Karin Stengele: Wir haben zwei Zielgruppen definiert; die „Cultural Connaisseurs“ und die „Mighty Connectors“. Ein „Cultural Connaisseur“ eignet sich beispielsweise ganz tiefes Fachwissen an in einem Bereich – hinsichtlich Kulinarik, Design, Architektur oder auch Kunst. Und das verbindet ihn auch mit Gaggenau, weil wir ja – trotz aller Markenbekanntheit – viel weniger präsent sind als ein Marktführer. Wir möchten künftig aber zugleich eine jüngere Zielgruppe ansprechen, weil wir merken, dass heute deutlich früher ein Interesse im Leben der Menschen an Luxus besteht, als das noch vor Jahren der Fall war. Die Leute kommen über Start-Ups schneller zu einem Vermögen. Oder weil sie erben. Und sie haben eine große Affinität zu Marken.
Marco Tümmler: Diesen Zielgruppen muss man produktseitig schon etwas bieten. In Löhne präsentieren wir unsere neuen Kältegeräte der Serie Expressive. Damit verlassen wir auch die bisherige Klassifizierung der Serien Vario 400 und 200, weil das unterschwellig immer eine Wertung mit sich gebracht hat. Die neuen Backöfen sind aber komplett gleich – nur eben mit und ohne Rahmen. Skulptural oder minimalistisch. Und so wird das bei den Kühlschränken ebenfalls sein. Die wirken sogar eher wie ein Möbelstück.
KÜCHENPLANER: Wie wird die noch exklusivere Markenpositionierung von Gaggenau im Handel gespielt?
Marco Tümmler: Wir hatten dieses Jahr bereits eine große Trainingsoffensive laufen und haben 160 Händlerinnen und Händler an unserem französischen Produktionsstandort in Lipsheim geschult. Da ging es auch viel um Luxusvermarktung, um Emotionen und Verkaufspsychologie im Beratungsgespräch.
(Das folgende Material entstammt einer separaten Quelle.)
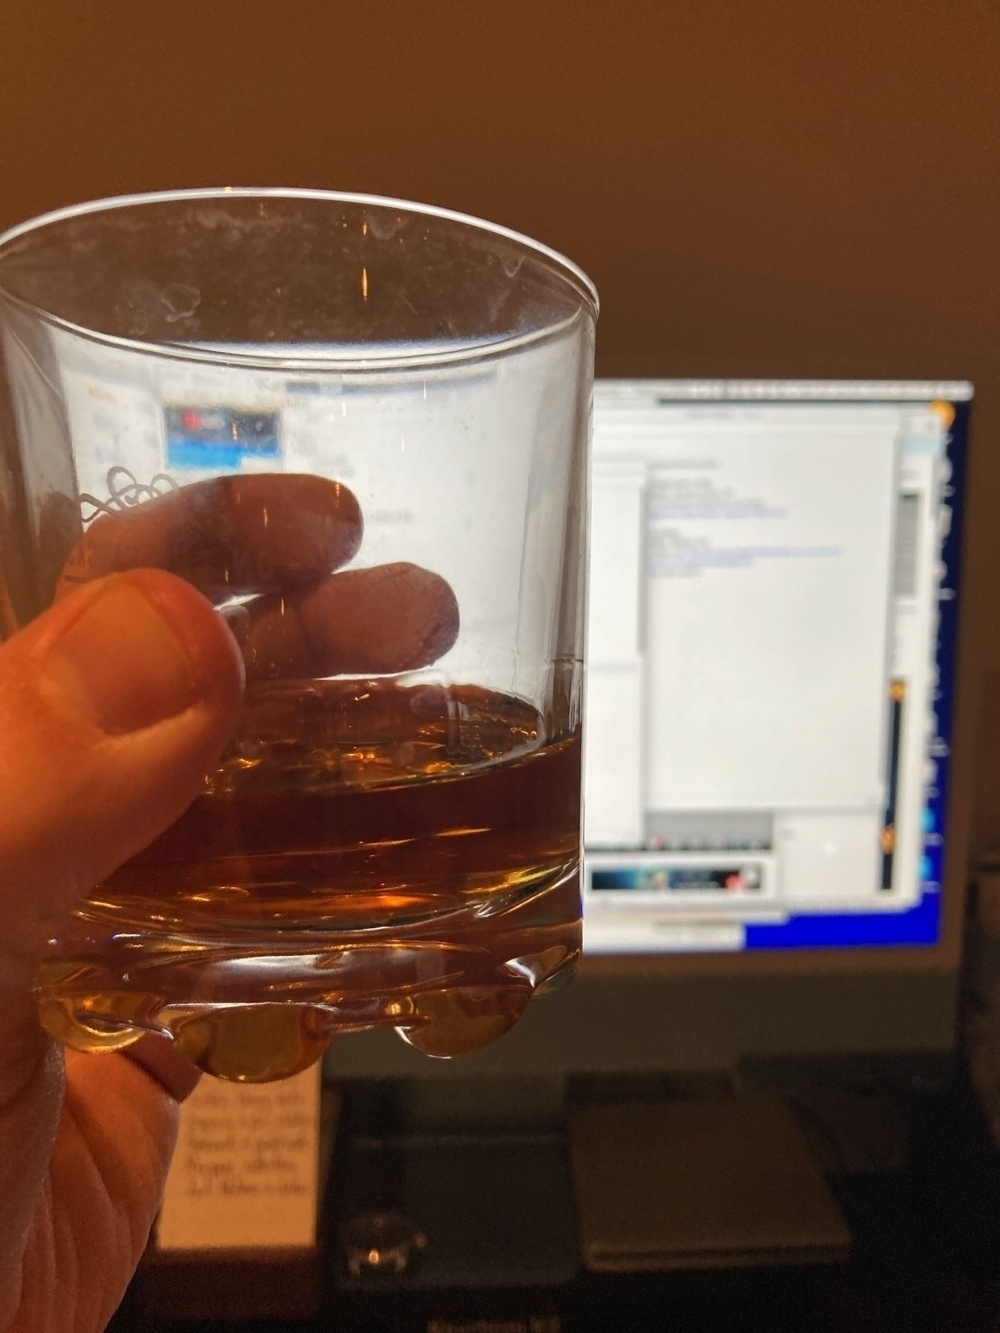 A glass of whisky, held in front of an iMac with the screen blurred in the background.

Zugleich haben unsere Partner gesehen, wie viel Handarbeit noch in der Produktion unserer Geräte steckt. Diese Trainings werden wir fortsetzen, unter anderem auch am Standort Löhne für den Norden. Und dann gibt es natürlich noch regionale Genussevents, die wir mit unseren Handelspartnern gemeinsam umsetzen.
KÜCHENPLANER: Euer Markenbotschafter ist Tohru Nakamura, der erst kürzlich seinen 3. Michelin-Stern erkocht hat.
Karin Stengele: Wir freuen uns sehr für ihn. Und wir haben immer daran geglaubt! Tatsächlich begleiten wir Tohru Nakamura schon seit seinem ersten Stern. Er passt sehr gut zu unserer Markenphilosophie, weil Gaggenau ja seit jeher Innovationen aus dem Profibereich auf die private Küche übertragen hat.